Some of the technical challenges which come from use case-specific integration tooling are:
- Wrong tool for the job: If the only integration tooling available is a big data-focused tool, then all integration problems become big data problems. Hammers and nails!!
- Wrong design choices: If the integration tooling available is a data warehouse focused tool, then all integration problems require the use of the warehouse as a staging area. This is usually not the right design for application integration use cases and for scenarios involving log data where data lakes would be better suited.
- Uni-directional data movement: Some of the use case-specific tooling work in one direction only. For example, data warehouse loading tools usually load data into a warehouse, they do not support loading data into applications.
The challenges with such tooling silos are not just technical. There are organizational challenges in terms of requiring multiple teams to maintain the various integration use cases using different tools. It becomes impossible to assign ownership of integration requirements within the enterprise.

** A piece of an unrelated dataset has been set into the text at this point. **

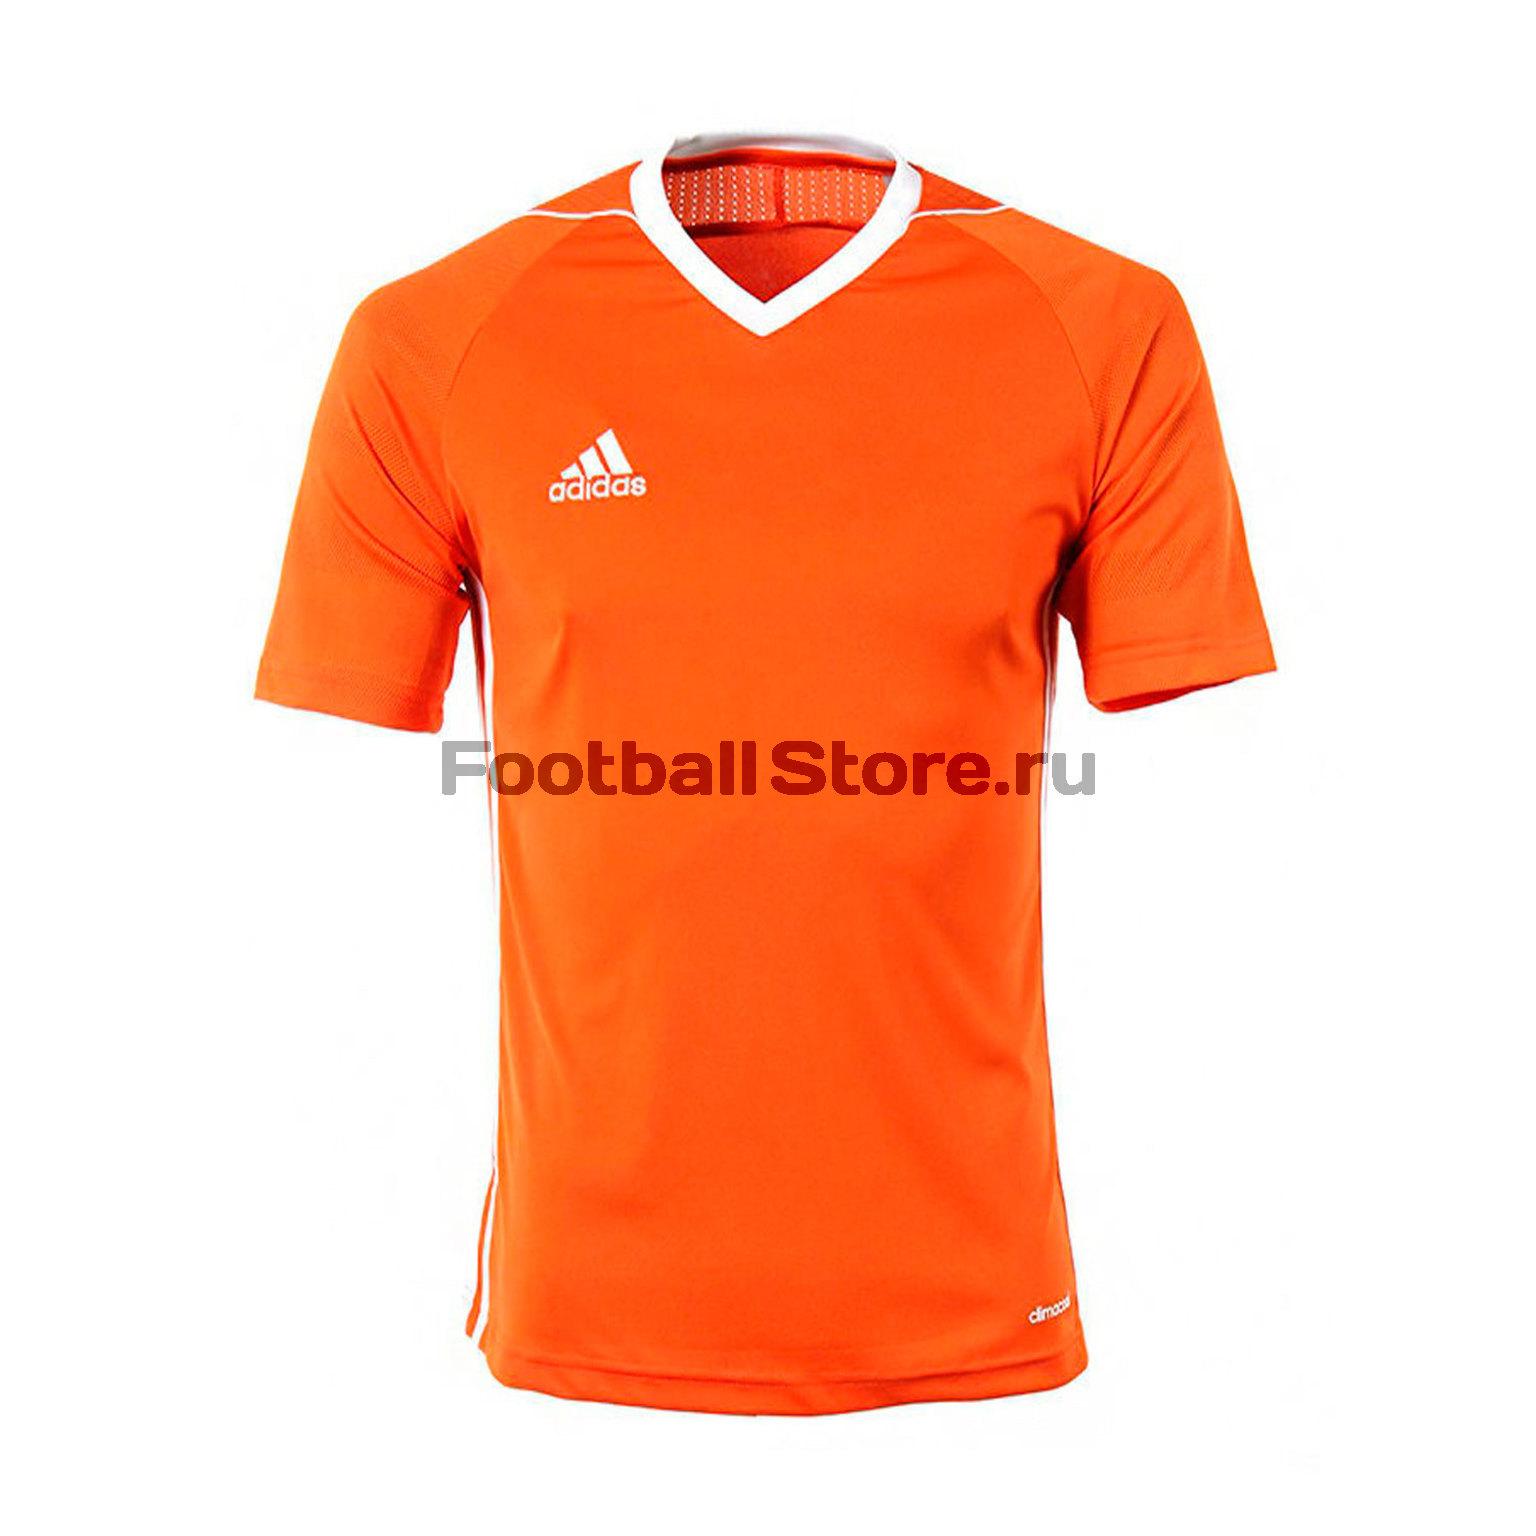 Футболка игровая Adidas Tiro 17 BS4216

At SnapLogic, we believe that a modern enterprise needs to be able to satisfy all their integration uses cases with one integration platform. Such a platform needs to be able to provide support for various integration requirements including:
- Data Integration: supporting a variety of filesystem, file formats, authentication mechanisms etc.
- Application Integration: supporting native connectivity to most enterprise applications and providing REST and SOAP-based connectivity with a flexible data model to support modern data formats
- Ease of Use: making it easy for citizen integrators to develop integrations, rather than focusing on developers
- Hybrid Deployment: making it easy to access On-premises and Cloud endpoints seamlessly
- Big Data support: making it possible to automatically scale out and process data in parallel when data volume is larger than what can be processed on a single instance
- API management functionality: making it possible to use the data and application integration functionality to author APIs and expose them to end uses without requiring external APIM tools
- Data Science functionality: making it possible to build, train and deploy machine learning models, using the integration features to load data for building models, ML features for training, and APIM functionality for deploying the model.
Each of the above use cases requires significant focus to be able to satisfy the diverse use cases faced by enterprises. For example, a data integration use case could look at a high level to be a simple case of reading files from S3. Drilling down, the actual details could involve Parquet format files that have to be read from S3, where the S3 file is accessible through a custom IAM role only and the data is encrypted with customer-managed keys. It is useful to look at the details of the use cases when evaluating integration tooling.
The SnapLogic platform is deployed at some of the largest enterprises around the world and can solve all the integration challenges faced by enterprises. Using a single integration platform has significant advantages for the customer and helps avoid the challenges which come from integration tooling silos.